Playing with the $L$ -series, we can find that $L(s, \,\chi)L(s, \, \chi\chi')= \prod_{p}\bigg(\frac{p^{2s}}{p^{2s-1}}\bigg)\prod_{p|k}\bigg(\frac{p^{2s}-1}{p^{2s}}\bigg)\sum_{f}\frac{\chi(a)}{a}+\sum_{f}\sum_{r=-\infty}^{\infty}A_{r}e^{\frac{\pi irb}{ka}}$ , where we get to the last line by expressing the sum of $f$ as a Fourier series, with $A_{r}$ being the coefficients of this sum. We then take the limit as $s$ tends to 1 to find that $L(1, \chi) L(1, \chi \chi') = \frac{\pi^{2}}{6}\prod_{p|k}\bigg(1-\frac{1}{p^{2}}\bigg)\sum_{f}\frac{\chi(a)}{a}+\sum_{f}\sum_{r=-\infty}^{\infty}A_{r}e^{\frac{\pi irb}{ka}}$ . Calculating and bounding the terms in the Fourier Series we find that for $r \neq 0$ , $|A_{r}| \leq 2r'e^{\frac{-r'}{ka}}$ , where $r'=\frac{\pi |r|}{\sqrt{d}}$ , and $A_{0}=0$ apart from when $k$ is a power of prime $p$ , when $A_{0}=\frac{-2 \pi}{k \sqrt{d}}\chi (a) \log p$ .

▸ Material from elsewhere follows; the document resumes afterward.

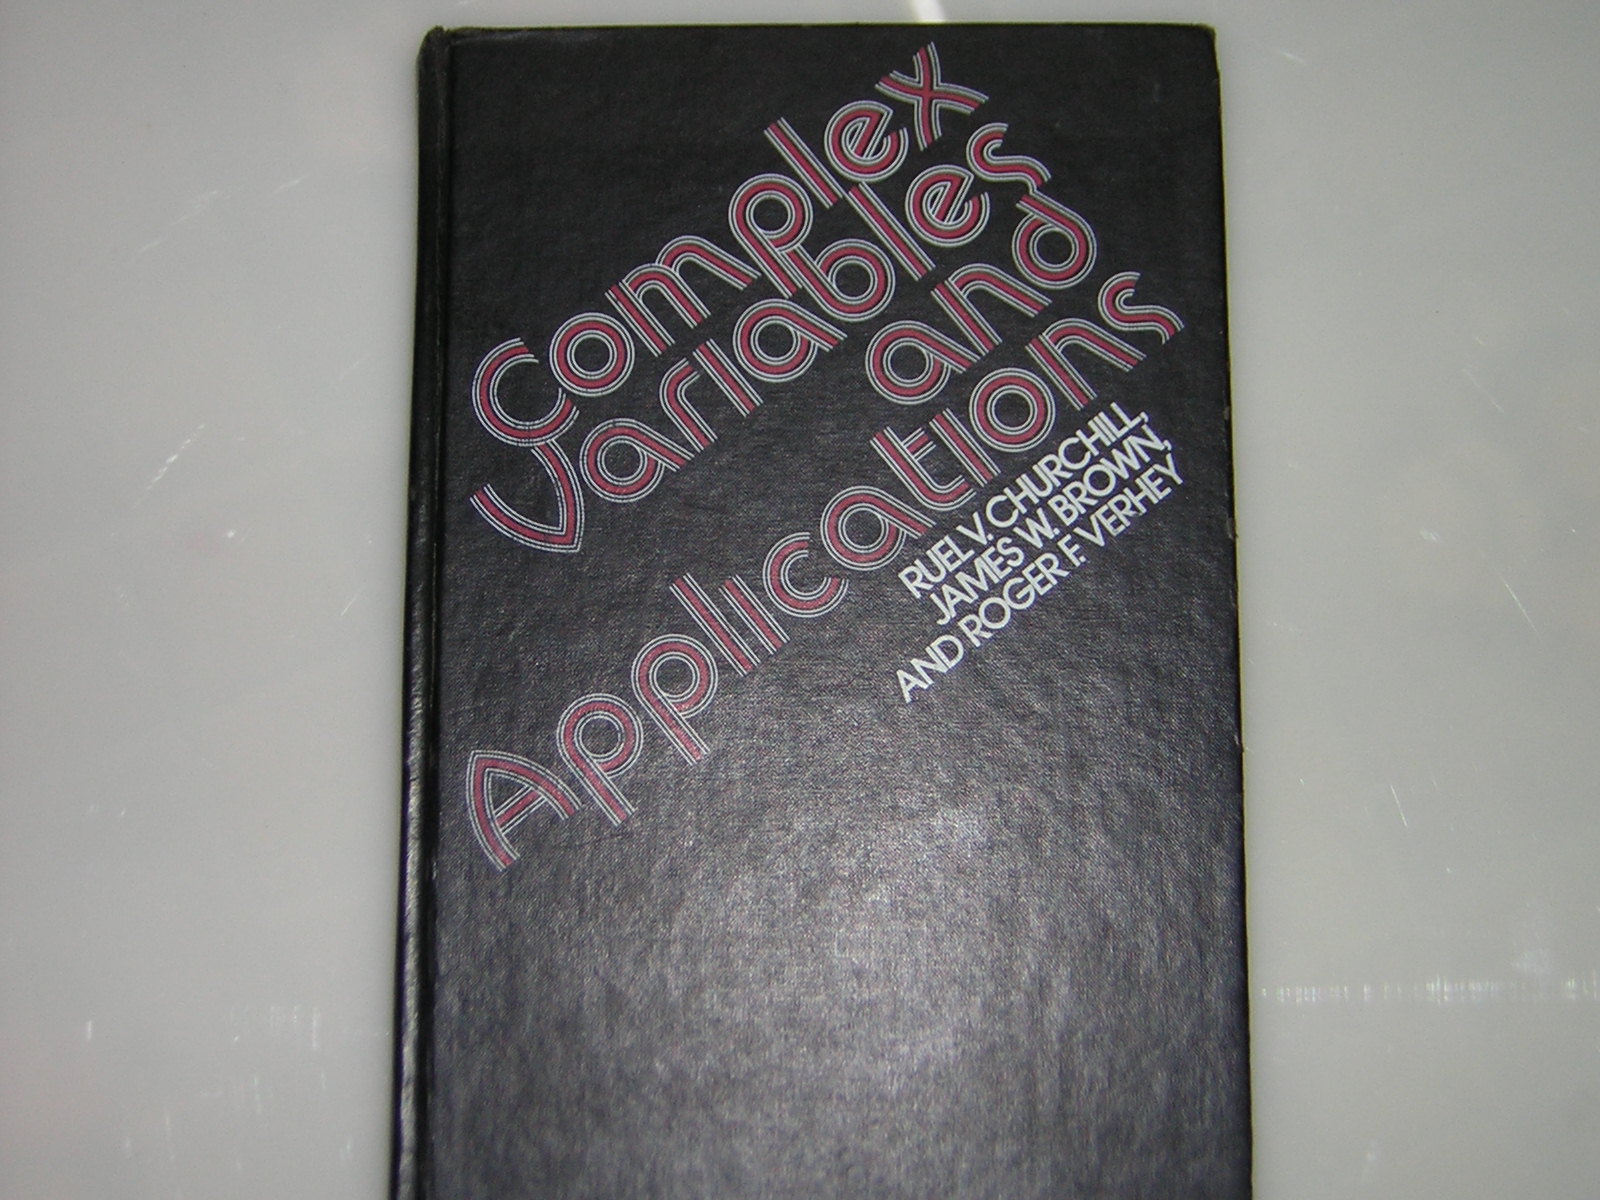 Complex Variables and applications, 3rd ed 詳細資料

We now assume that $K= \mathbb{Q}(\sqrt{-d})$ has class number one. Then, by assumption, see the next addendum post, $d$ is prime and $d \equiv 3 \mod 4$ . We also take $k \equiv 1 \mod 4$ . Further, as we assume $K$ has class number 1, there is just one reduced quadratic form, $x^{2}+xy+\frac{1+d}{4}y^{2}$ with discriminant equal to $D_{K}$ . Thus we see that $\chi(a)=1$ , $a=1$ so $\sum_{f} \frac{\chi(a)}{a}=1$ . Further, as there is only one reduced quadratic form (there is only one $f$ ) we can easily see that $\sum_{f}\sum_{r=-\infty}^{\infty}A_{r}e^{\frac{\pi irb}{(ka)}}=\sum_{r=-\infty}^{\infty}A_{r}e^{\frac{\pi ir}{k}}$ .

We use this to see that under the assumption that $\mathbb{Q}(\sqrt{-d})$ has class number one, $L(1, \chi) L(1, \chi \chi')=\frac{\pi^{2}}{6}\prod_{p|k}\bigg(1-\frac{1}{p^{2}}\bigg)+\sum_{r=-\infty}^{\infty}A_{r}e^{\frac{\pi irb}{k}}.$

Finally, by considering the explicit class formula, we can see that $L(1, \chi)L(1, \chi \chi')=\frac{2 \pi \log (\epsilon_{L}) h(k) h'(k)}{k \sqrt{d}},$ where $\epsilon_{L}$ is a fundamental unit of $L$ and $h'(k)$ is the class number of $\Q(\sqrt{-dk})$.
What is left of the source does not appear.